Consider a chat application where the system prompt includes structured output requirements (JSON schema, specific field ordering). A model update that changes how the model processes schema-constrained outputs can materially slow completion time for that specific prompt structure while leaving general P50 unaffected. If your alerting watches aggregate P50, you miss it.

Effective latency regression detection requires: baseline P99 by model version, alerts on P95/P99 divergence rather than P50, and correlation between latency shifts and model version identifiers returned in response headers. Most providers return model version information in the response — this should be tagged on every request record, not treated as static.

Implications for Provider Selection and Routing

The practical takeaway from production latency data isn't "provider X is better than provider Y." Provider performance is workload-specific, region-specific, and tier-specific enough that blanket comparisons mislead more than they inform.

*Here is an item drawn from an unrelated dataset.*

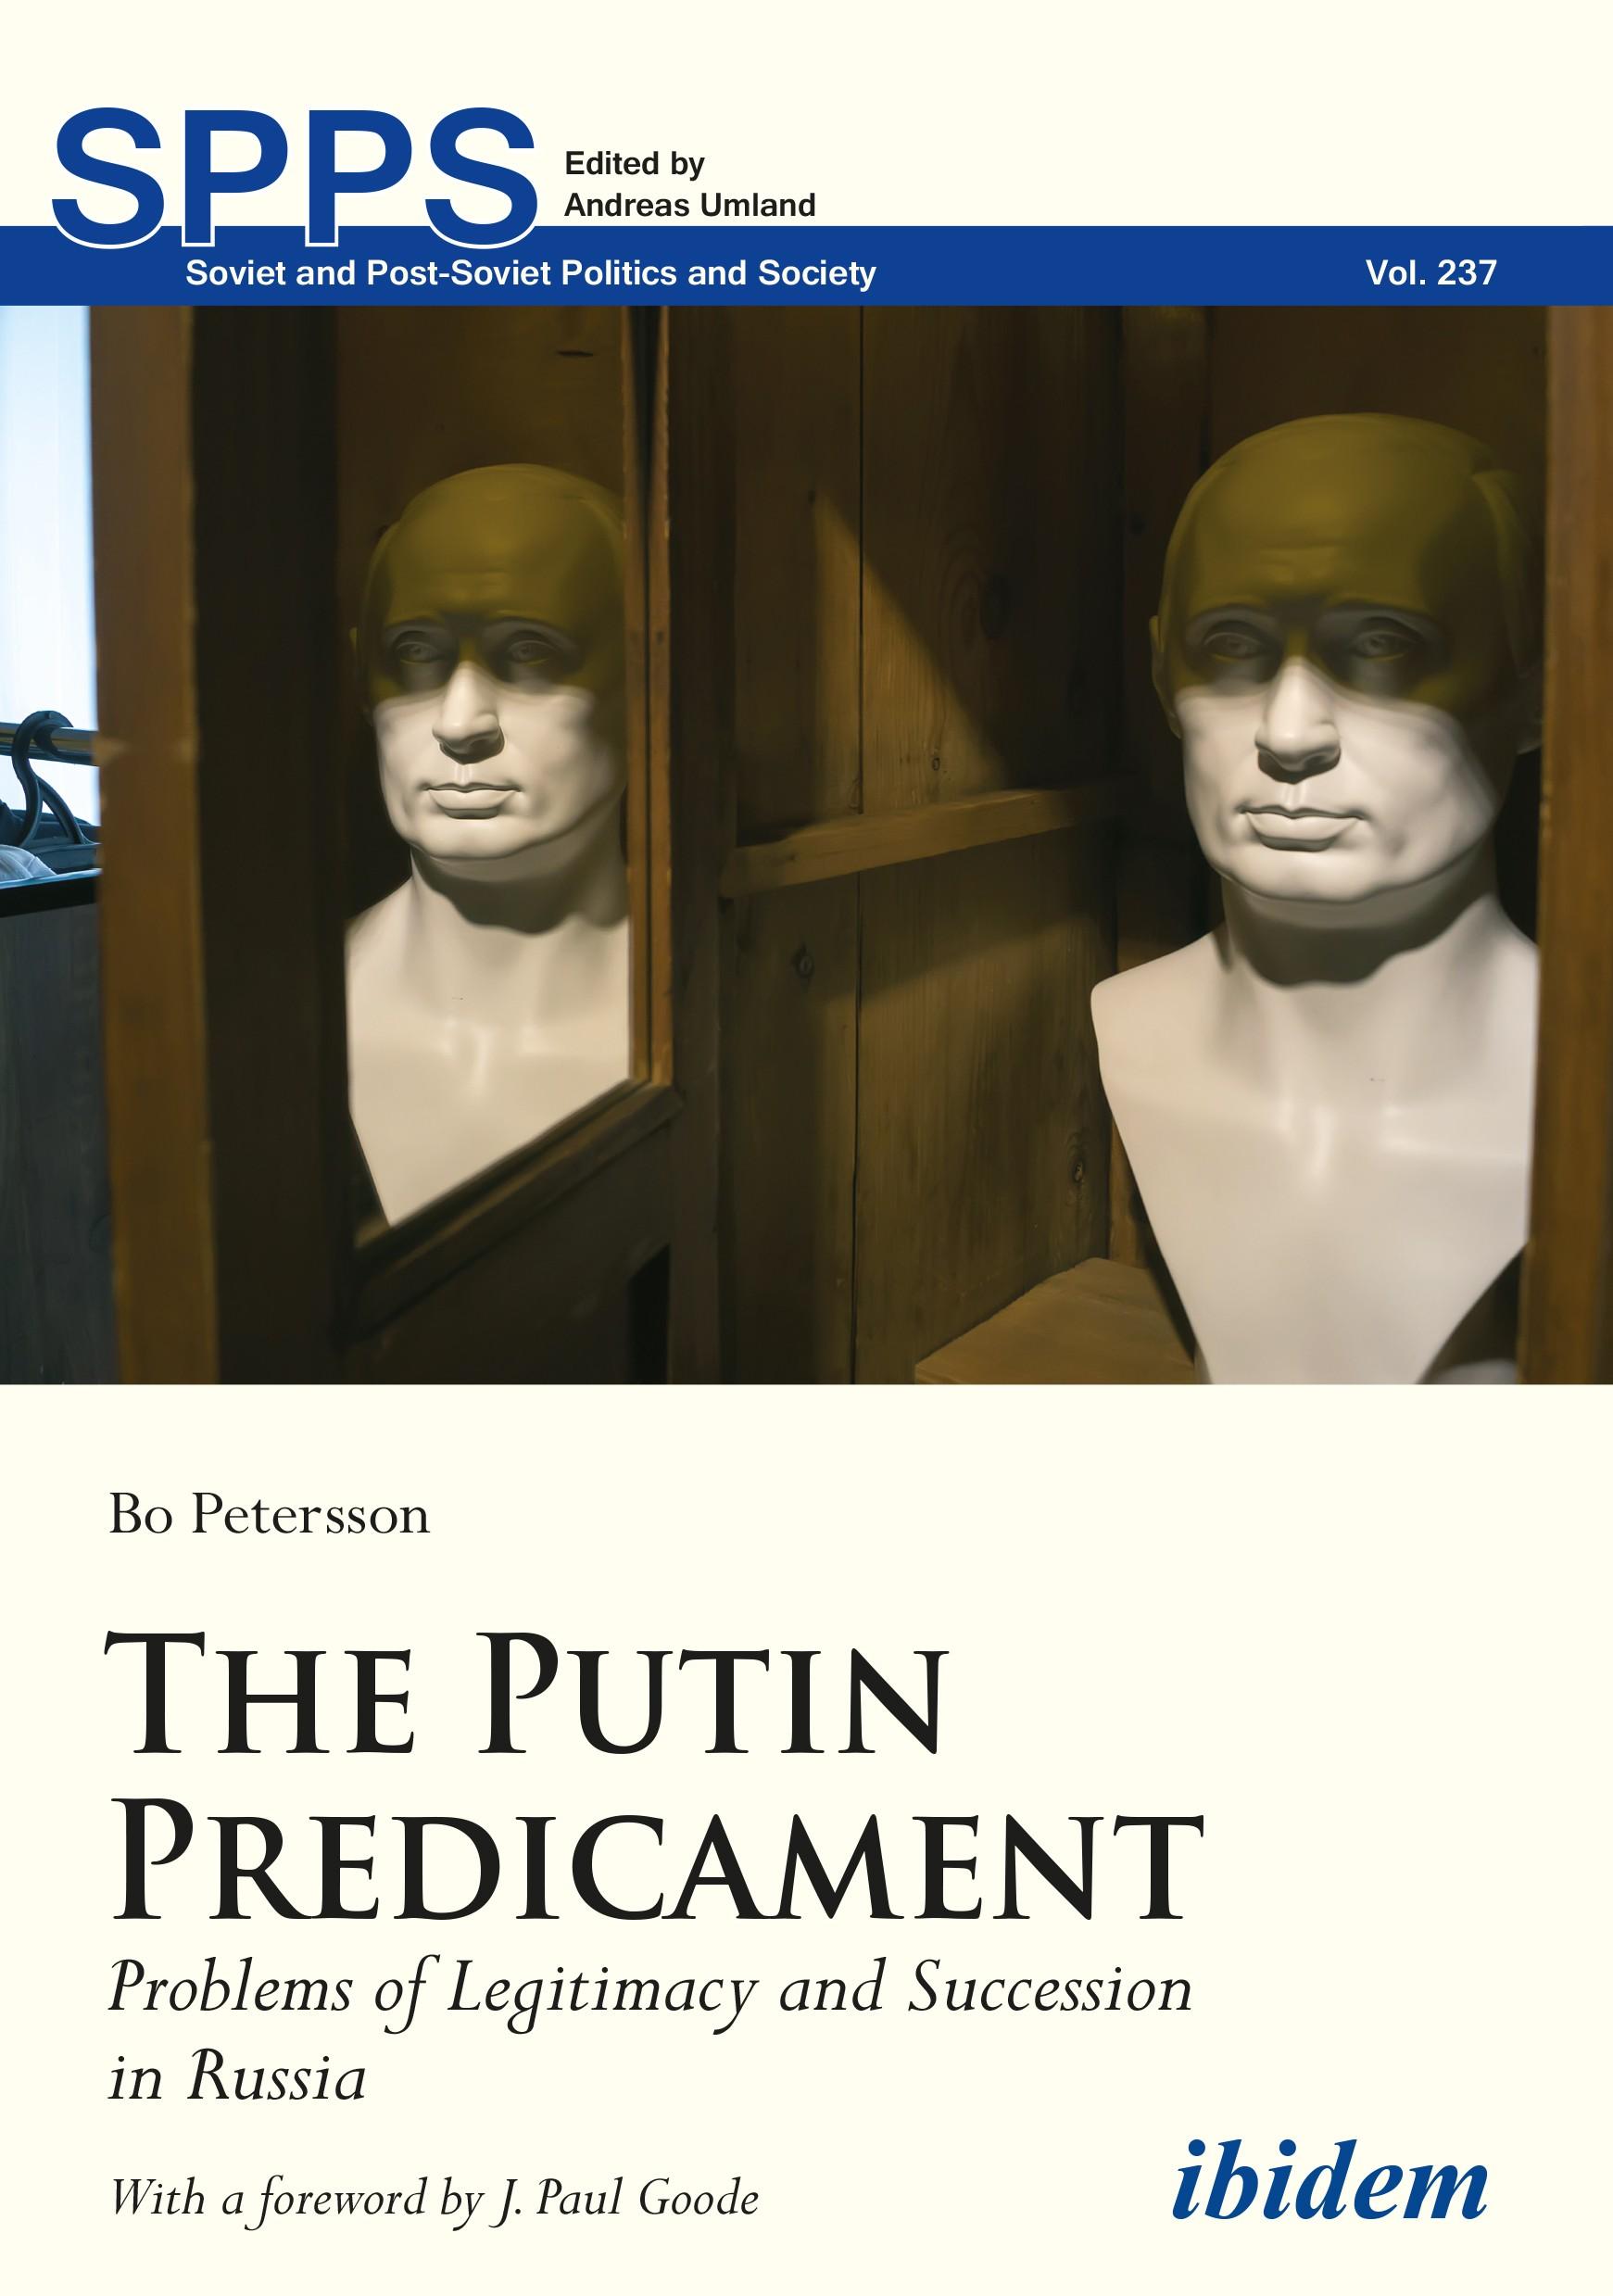 The Putin Predicament

What the data does support: multi-provider routing with real-time latency awareness is the correct architecture for latency-sensitive applications. Routing 100% of traffic to a single provider means you absorb 100% of that provider's bad P99 days. With fallback routing — where requests that hit a TTFT threshold are retried against a secondary provider — you can shave significant width from your tail without changing your primary provider at all.

The prerequisite for multi-provider routing is unified latency instrumentation: the same measurement methodology, the same percentile calculations, across all providers simultaneously. Without that, you're routing based on intuition about which provider "feels faster" rather than measured percentile comparison. That's the instrumentation problem worth solving first, before any routing architecture decisions.